Other Chechens, who want to be independent from Russia, say they refused to take part on principle. "That's why the authorities told the census-takers to go about with soldiers, because they knew we would not sign their papers otherwise," said Said Dadayev from the village of Shali. "I am a citizen of the Chechen Republic and even if I had given in to them I would have written "Ichkerian" in the box for nationality." The pro-independence government named Chechnya Ichkeria.


At first, the authorities proposed that every census-taker be accompanied by two or three security personnel for their own protection. But the former turned down the offers. "How could we look people in the eye, coming to them with the police?" said Zara Suleimanova, who was delivering census forms in Grozny. "People would simply not have understood us and thought we were coming to 'mop them up'." She was referring to the Russian military's constant brutal "mop-up" operations over the last three years.

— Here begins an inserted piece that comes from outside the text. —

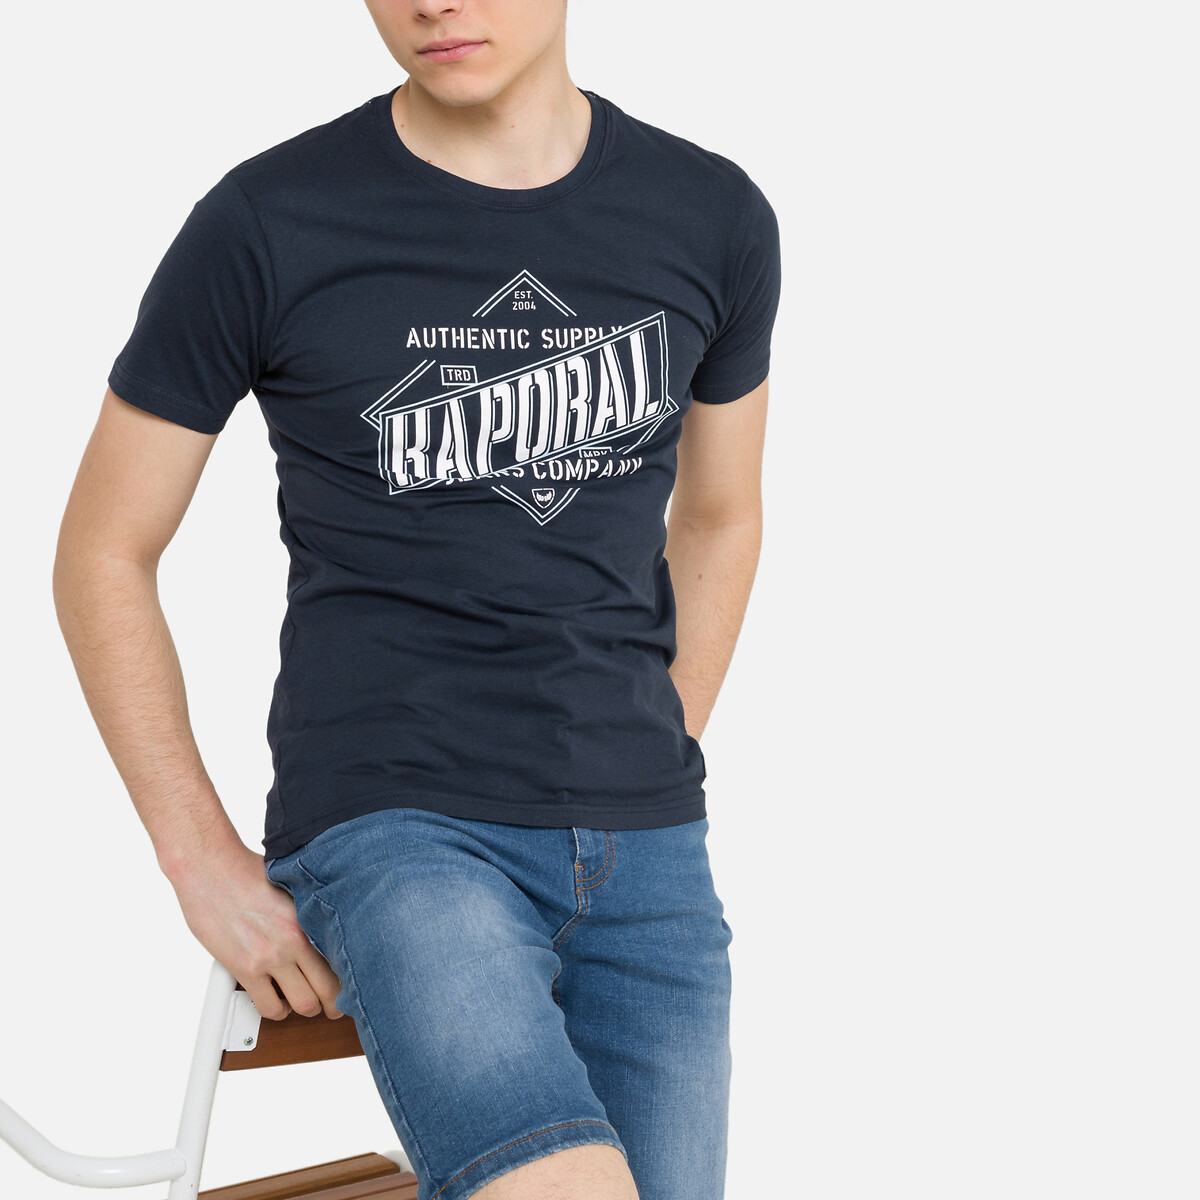 T-Shirt à Manches Longues Inscription Jeans en 100% Coton Coupe Droite Elso Kaporal Garçon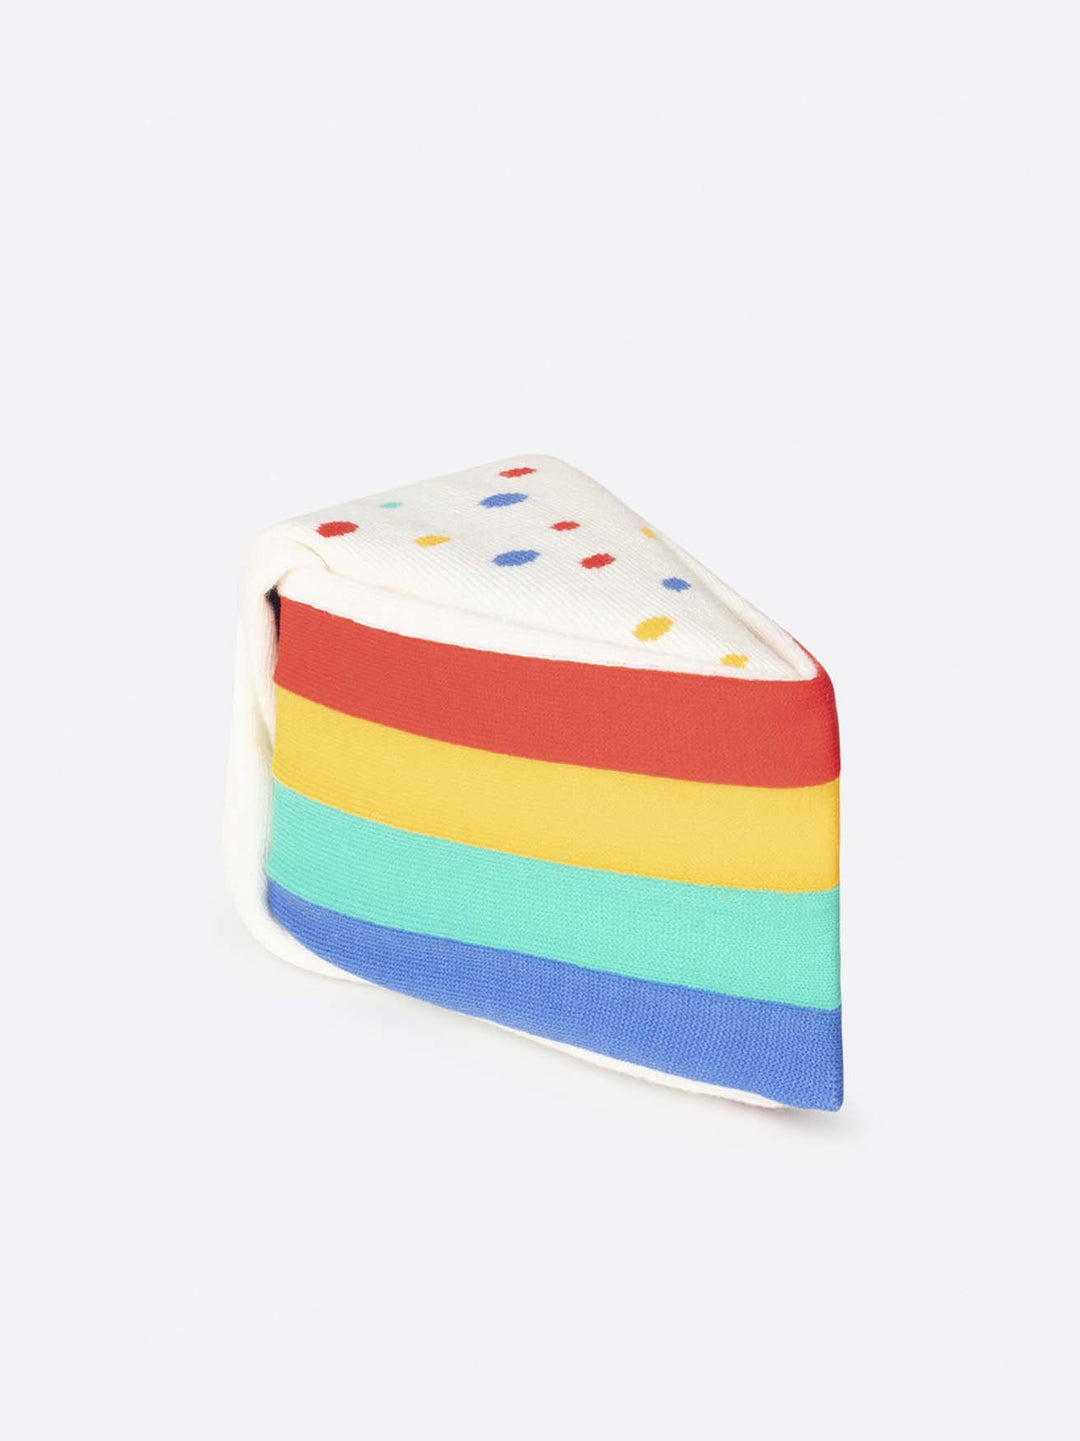 Socks - "Rainbow Cake"

Chechens who did fill in the forms said that answering some of the questions was a real challenge. "Take the point 'size of space occupied,'" said Lidia Yusupova, who was in charge of the census in the Leninsky region of Grozny. "Many of our residents live in semi-destroyed homes. In my own two-room apartment, one room is closed. The floor has fallen through from the fifth to the first storey. What should I say?"


Census-taking in Grozny was a tricky undertaking altogether. "In one five-storey block of flats, which was not even ruined, I could not get an answer from a single apartment," said Suleimanova. "Either absolutely no one is living in the house or no one wanted to answer the door."

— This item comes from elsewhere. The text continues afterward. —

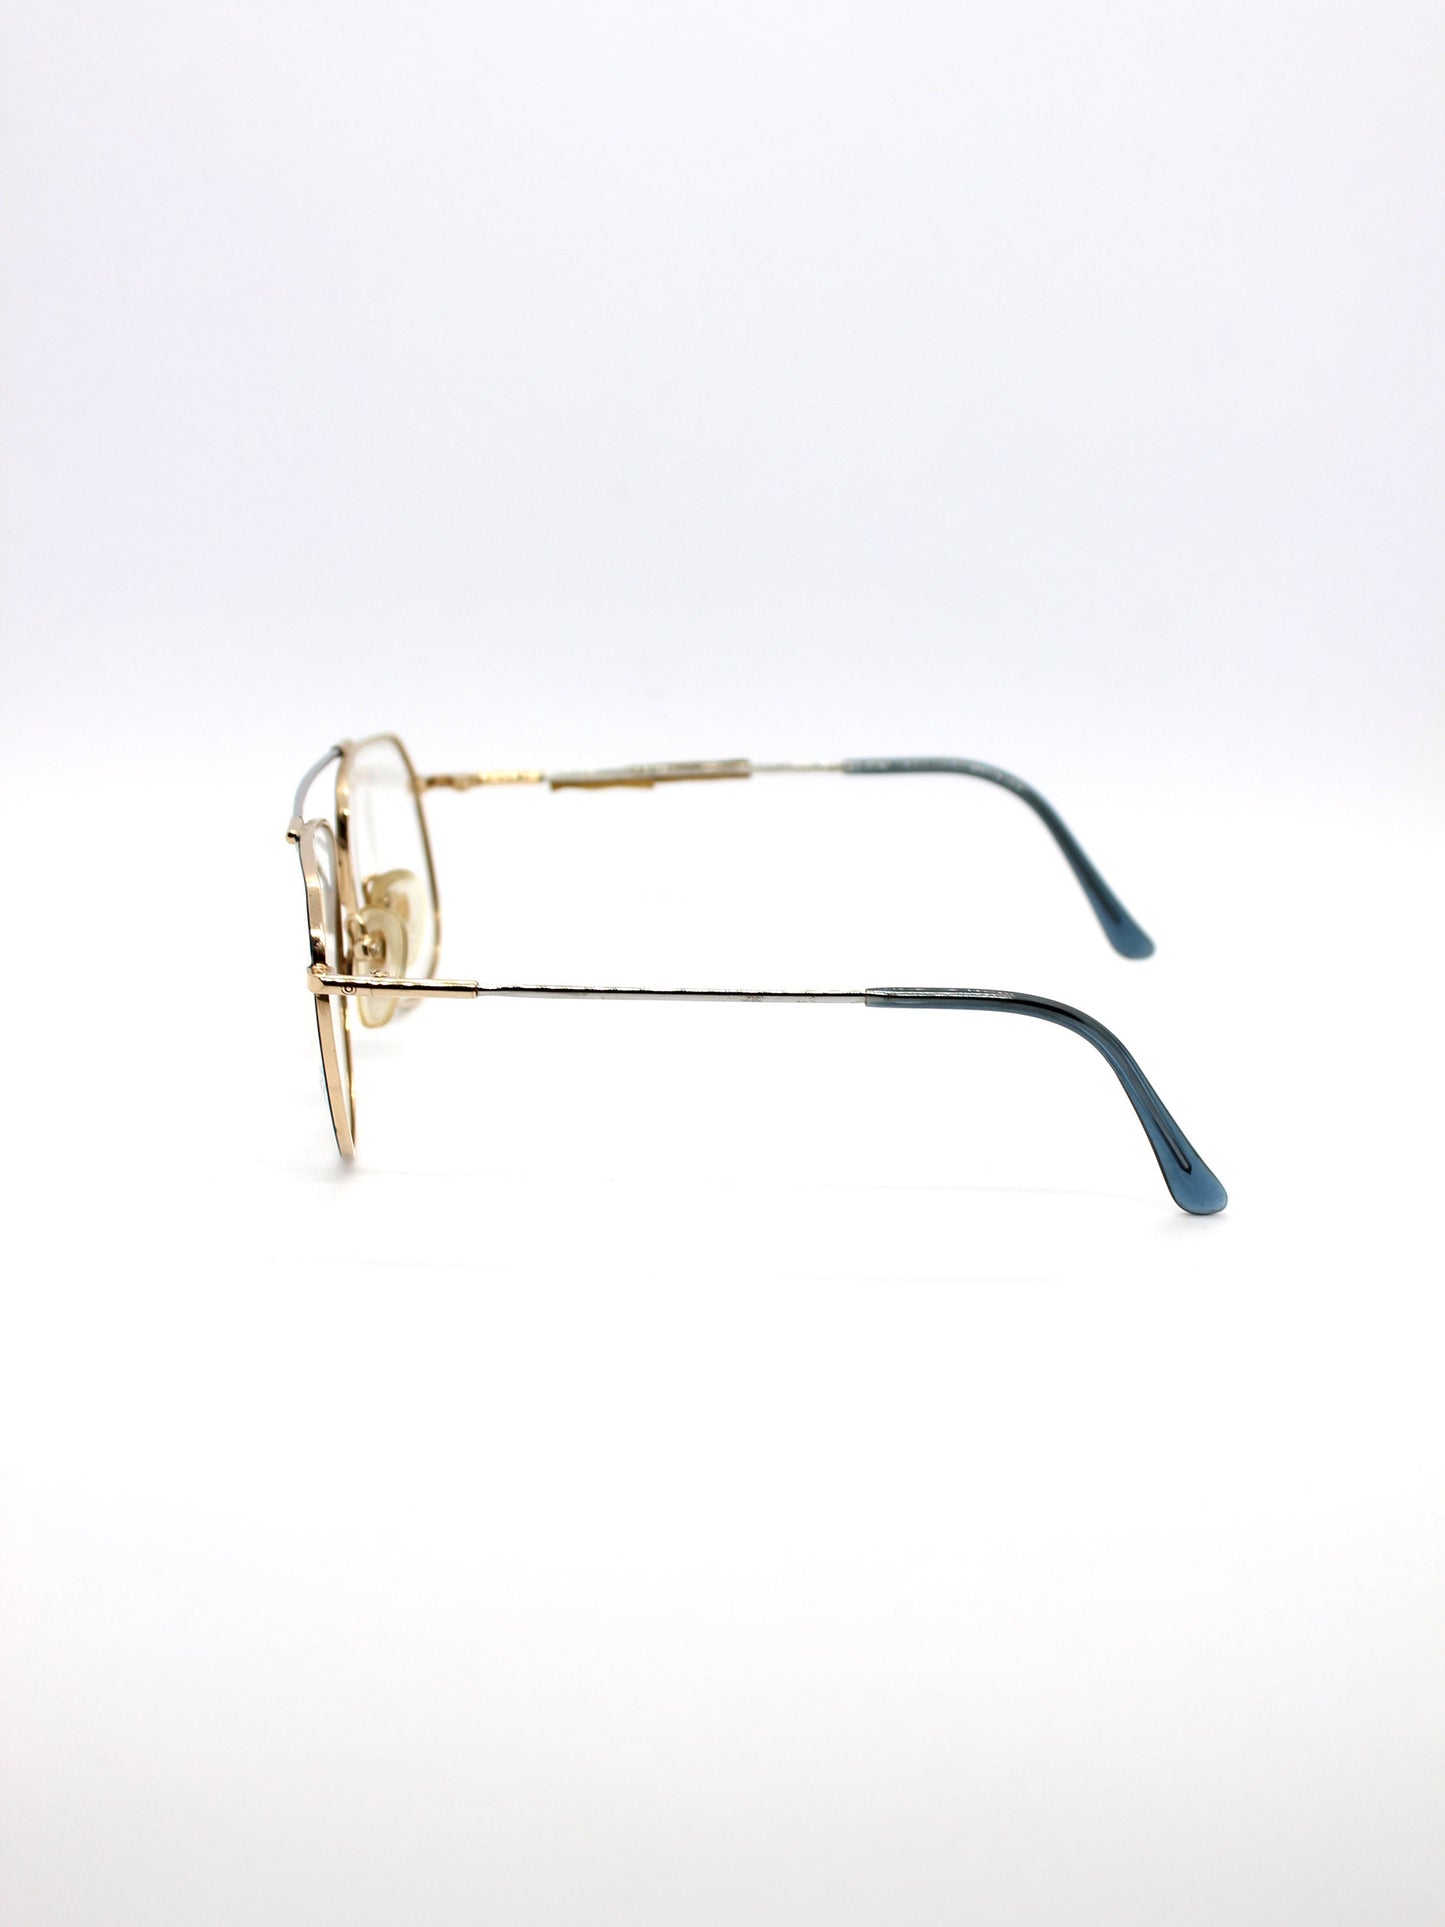 Indo Aviator Eyeglasses - Mod. Memory Jr.

Security concerns were a major reason why the census in Chechnya was conducted over just two days, instead of the week allocated for the rest of Russia. "It's possible that this small time-frame was the reason for the figure of a million and more," said Murad Nashkoyev, a Chechen political analyst "The population size they came up with was a rough guess."


Others see a political motive for the inflated figures. "I see two possible reasons for what has happened," said Ruslan Badalov, a prominent Chechen human rights activist based in Ingushetia. "In the first place, a deliberate increase in the size of the population is useful to heads of administration in Chechnya: it means allocation of financial resources for 'dead souls' - children's benefits, pensions and so on, which can then be 'pocketed away'.


"Secondly, the authorities in the Kremlin and the Russian military need this to show that people are returning and that means that military action in the republic has ended and peaceful life has returned."


Despite the chorus of complaint, the authorities have already begun to make use of the new figures. Meeting the president of Ingushetia, Murat Zyazikov, the pro-Moscow prime minister of Chechnya, Stanislav Ilyasov, asked, "One million one hundred thousand people are living peacefully in Chechnya, so why don't the refugees in Ingushetia return home?"


Ilyasov said that the census data showed that there were only 26,000 refugees living in camps in Ingushetia (many others live in private accommodation). He said most of them could be found homes in Chechnya.


Timur Aliev is a freelance journalist based in Nazran, Ingushetia.